Analgesic efficacy of Clonidine as an adjuvant in ultrasound-guided rectus sheath block for midline incisional hernia repair - A randomized double-blind controlled trial

Clonidine as an adjuvant has not been evaluated in rectus sheath block (RSB) for postoperative pain management in incisional hernia repair. The study aims to evaluate clonidine as an adjuvant in single-shot RSB along with general anesthesia (GA). This randomized, double-blind controlled study was conducted following IEC-Human approval and written informed consent from 30 patients of either sex, aged 16 to 60 years, ASA physical status I or II undergoing midline incisional hernia repair under GA. All patients received ultrasound-guided bilateral RSB following administration of GA. The subjects enrolled in the study were randomly allocated to receive either normal saline 1 mL (group B) or clonidine 1 μg/kg diluted to 1 mL with normal saline (group BC) as adjuvant along with 9 mL bupivacaine hydrochloride 0.25%. Inj. tramadol 1 mg/kg was administered for rescue analgesia. The primary outcome was the time to first request for analgesia, and secondary outcomes were total consumption of rescue analgesic over 24 h, numerical rating score (NRS), patients' satisfaction, hemodynamics, and side effects.
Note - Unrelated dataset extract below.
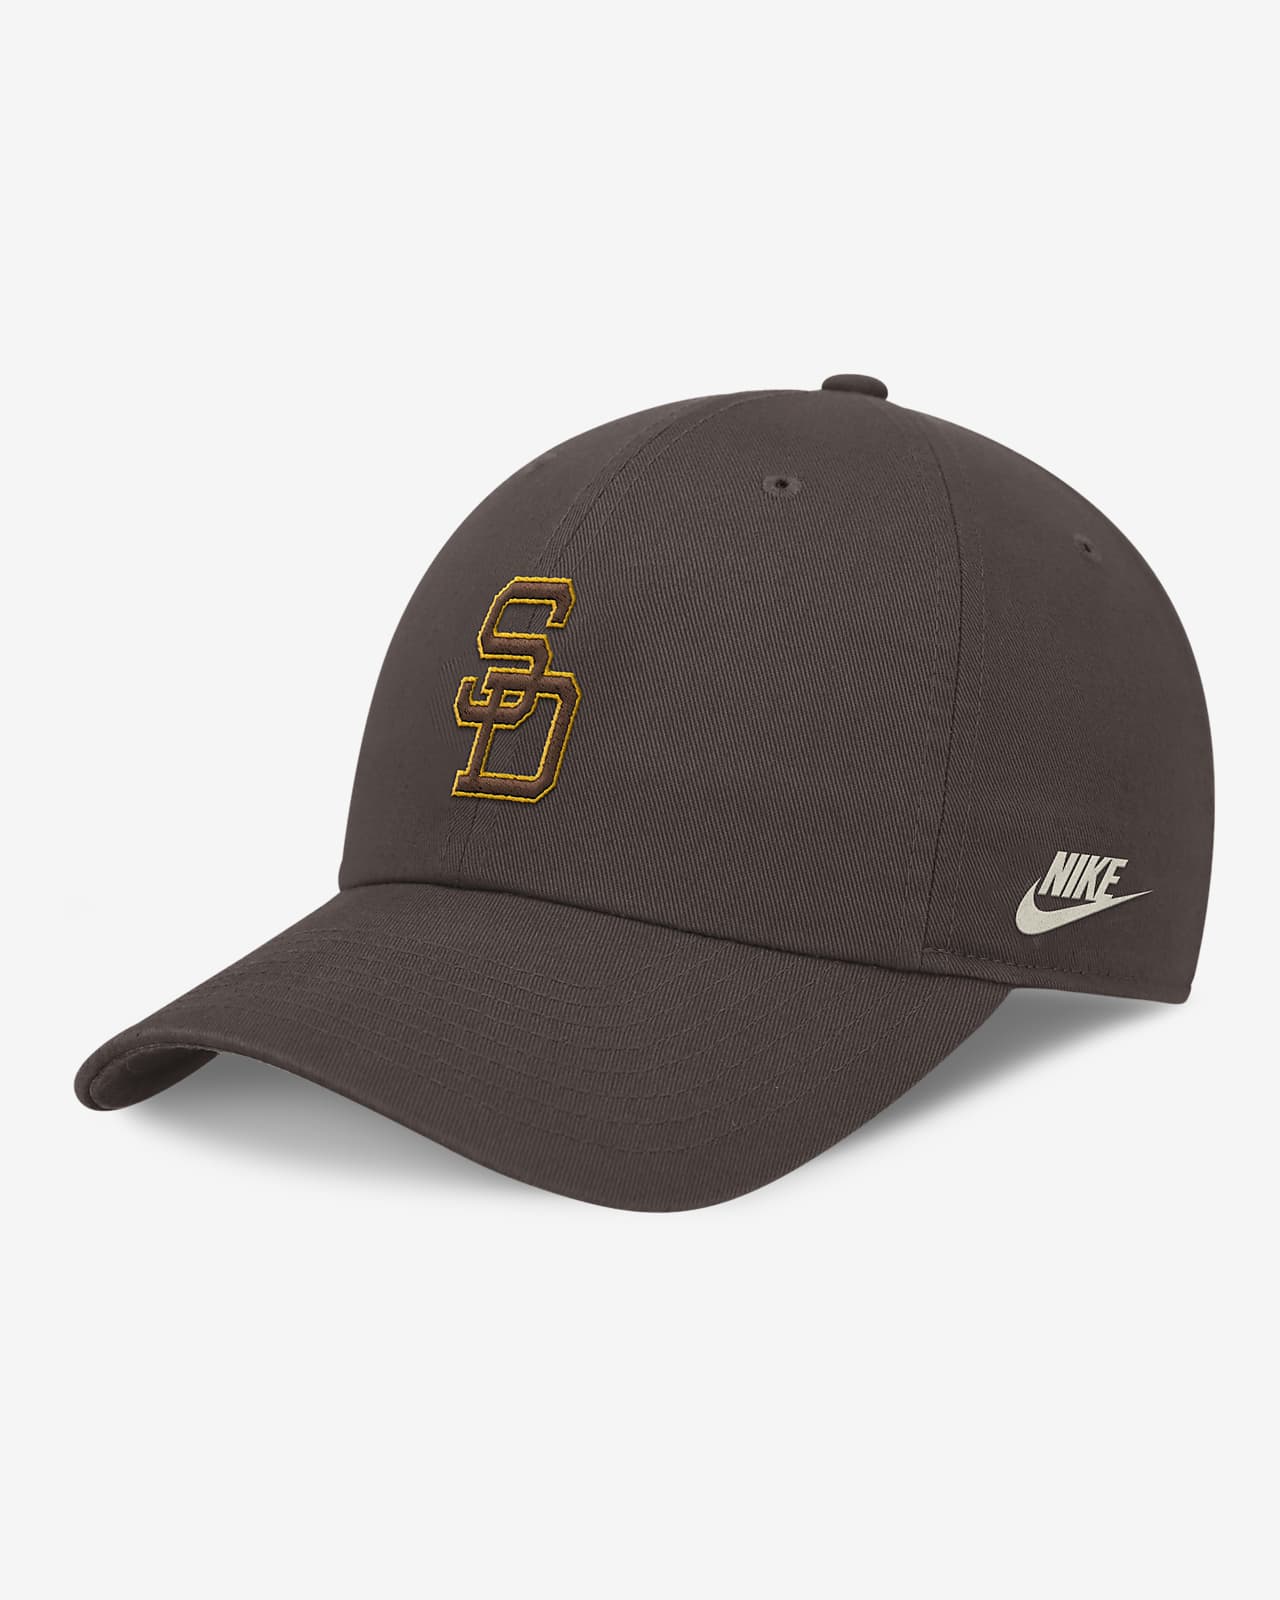 San Diego Padres Rewind Cooperstown Club Men's Nike MLB Adjustable Hat

Unpaired t-test and Chi-square test were used. On intergroup analysis, the mean time to first request for analgesia (in min) was significantly higher in group BC i.e., [9.60 (± 5.23) vs 5.33 (± 3.53); ( < 0.034]; whereas, the mean rescue analgesic consumption in 24 h (in mg) was higher in group B i.e., [(88.00 ± 60.97) vs (46.00 ± 48.08)]; ( < 0.045)]. Hemodynamic parameters i.e., mean blood pressure and heart rate were comparable between the two groups, and there were no side effects. Clonidine as an adjuvant in single-shot ultasonography (USG)-guided RSB along with GA is efficacious for postoperative pain management following midline incisional hernia repair.